2. Hydration of ions.  Cations and anions form ion-dipole interactions with water molecules. The formation of this ion-dipole interaction (some say an IMF) releases energy in the process. Hydration is an exothermic process.

3. Separation of cations and anions in the solid.  The energy released by hydration is absorbed by the cations and anions.  The cations and anions move, and this movement helps to overcome the electrostatic forces present between cations and anions in the lattice structure of the ionic compound.  This is an endothermic process. The cations and anions are pulled out of the lattice by water molecules.

B. Dissolving Ammonium Chloride in Water, an Endothermic Process

Start this portion of the presentation with a chemistry lecture demonstration of dissolving ammonium nitrate in water.  The following video illustrates one way of doing this demonstration.

Video courtesy of BerkeleyChemDemos.  University of California Berkeley College of Chemistry Demonstrations Laboratory. B17 Pimentel Hall University of California Berkeley, CA 94720-1460

Solid ammonium chloride dissolves in water producing a solution containing a 1:1 ratio of hydrated ammonium cations and hydrated chloride anions. For example, if 0.050 mole of ammonium chloride dissolves, 0.050 mole of hydrated NH₄⁺ ions form and 0.050 mole of hydrated Cl^- ions form, equal number of cations and anions. We can represent this process by a chemical equation.

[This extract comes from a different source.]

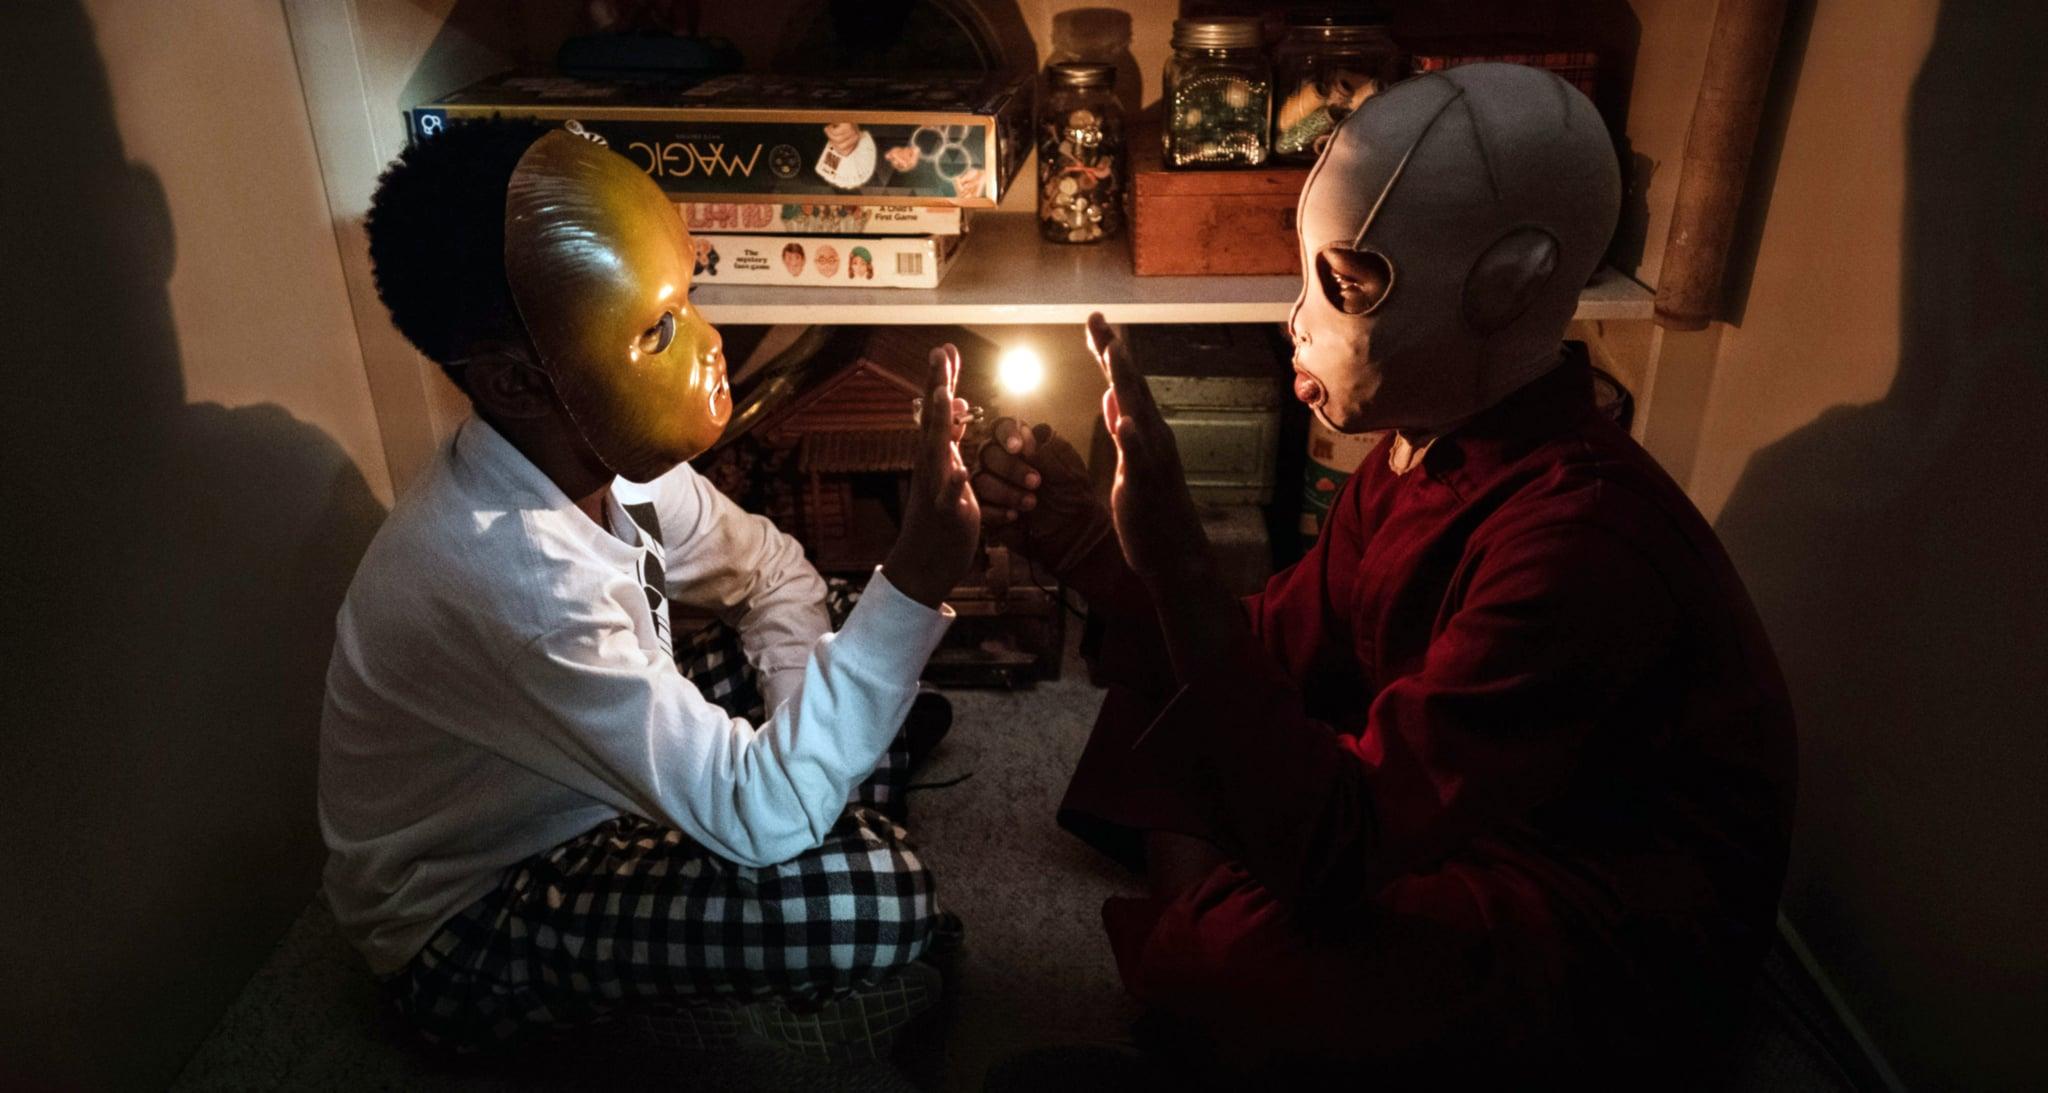 US, Evan Alex as both Jason Wilson and his doppelganger, 2019. ph: Claudette Barius /  Universal / courtesy Everett Collection

  Please see the posted information about this demonstration on the CIDER web site.

Computer simulation experiment for dissolving ammonium nitrate in water.  The solid ammonium nitrate and water have an initial temperature of 20.00°C.  After dissolving the temperature of the solution is 10.26°C.  A temperature versus time graph shows a decrease in temperature of the solution over time.

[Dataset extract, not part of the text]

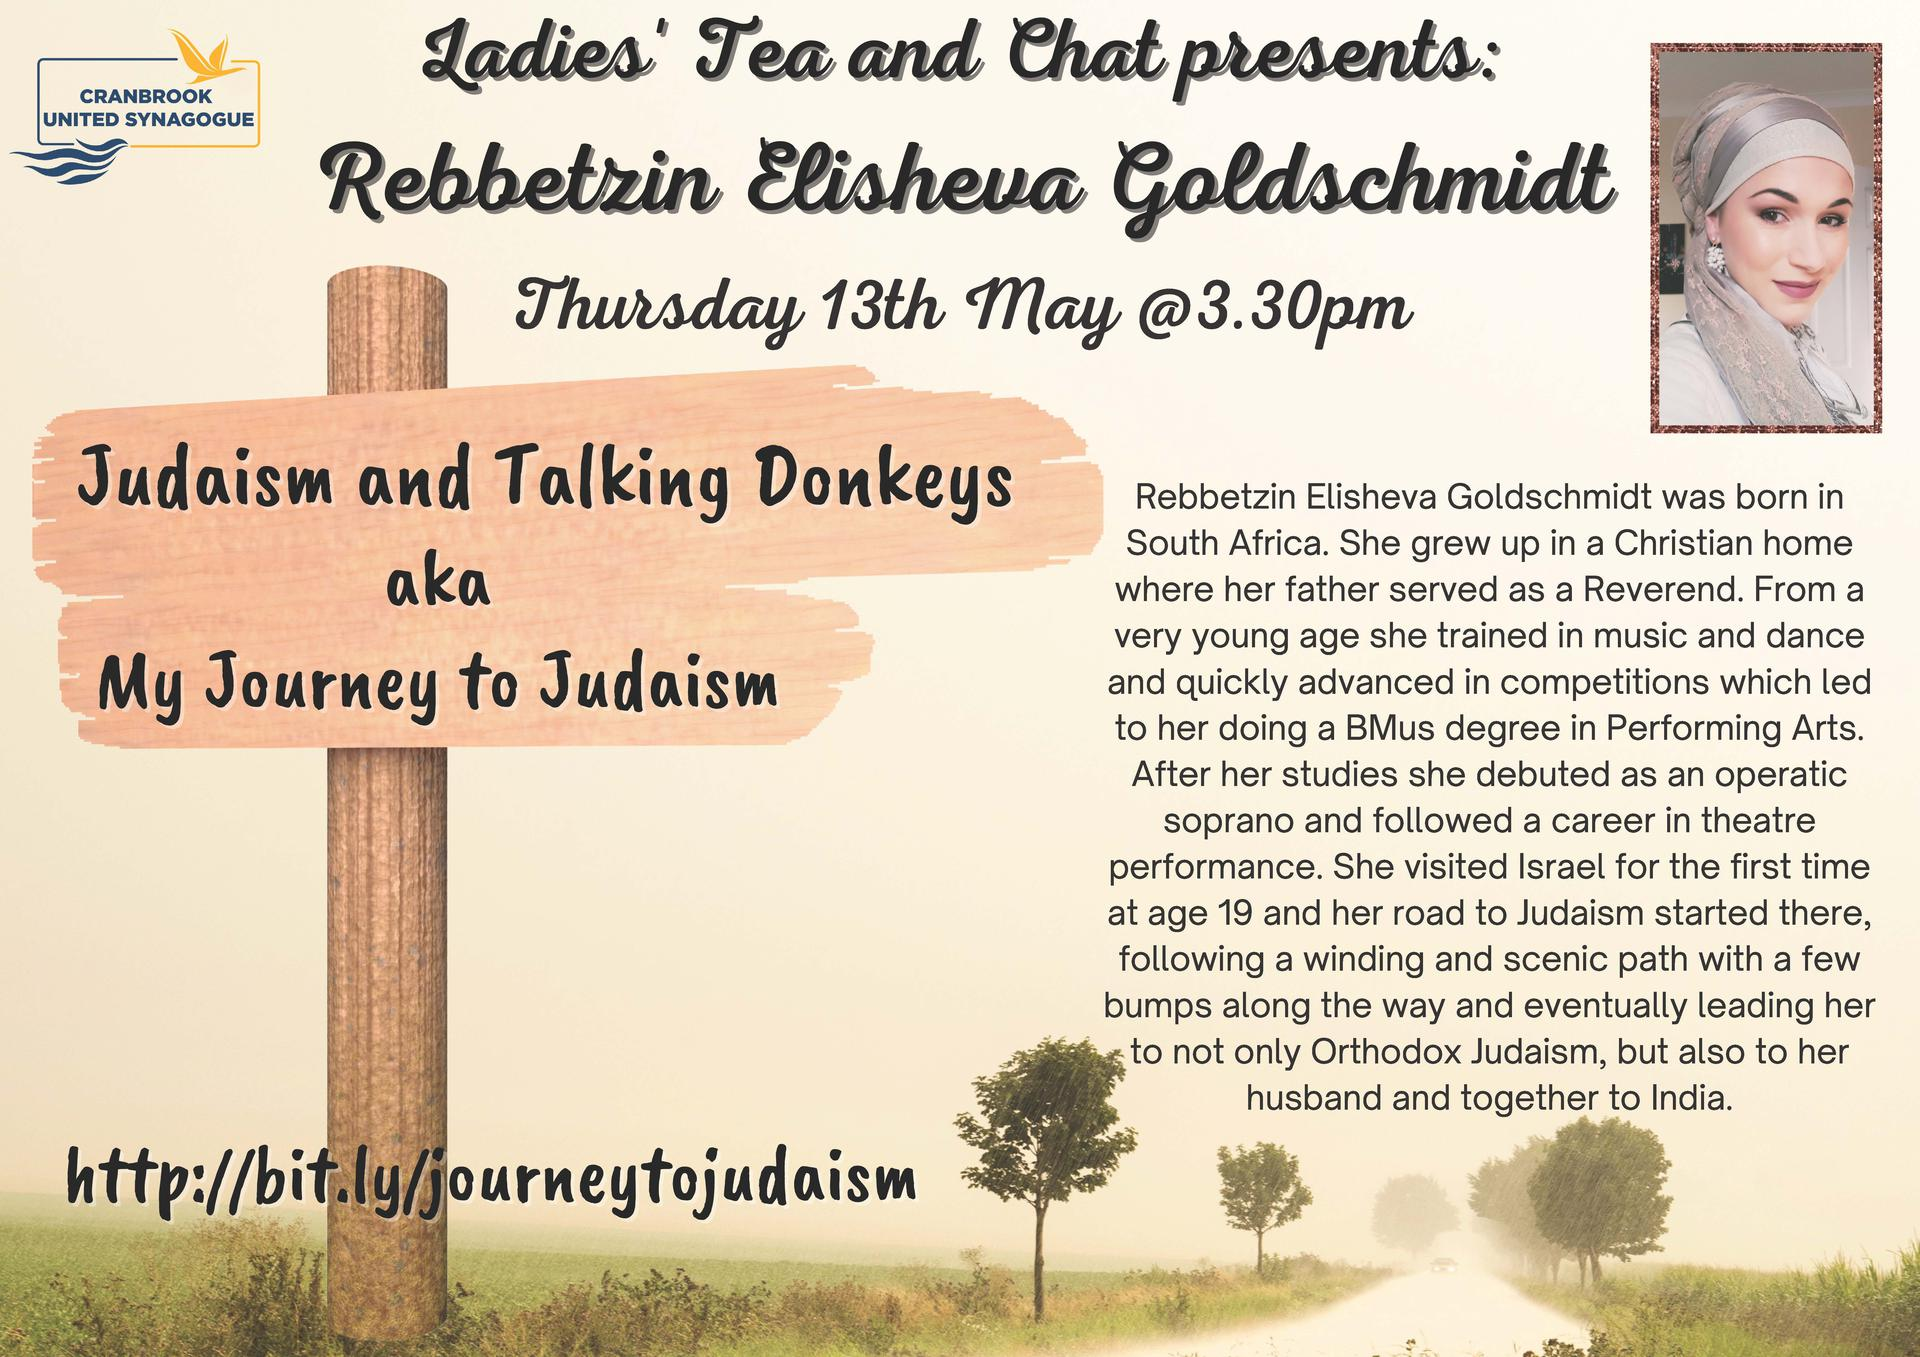 Ladies Tea & Chat

The HTML5 calorimetry computer simulation is available at the following URL. If you use the simulation, please cite the simulation. ©2016 Greenbowe, T., Abraham, M., Gelder, J. Pearson: Hoboken, NJ.  Teachers may not use the simulation in any instructional materials sold for profit.

https://media.pearsoncmg.com/bc/bc_0media_chem/chem_sim/calorimetry/Calor.php

Identify What Releases Thermal Energy and What Gains Thermal Energy

What releases thermal energy and what gains thermal energy? When ammonium chloride dissolves in water the resultant solution releases thermal energy and the dissolving process absorbs thermal energy.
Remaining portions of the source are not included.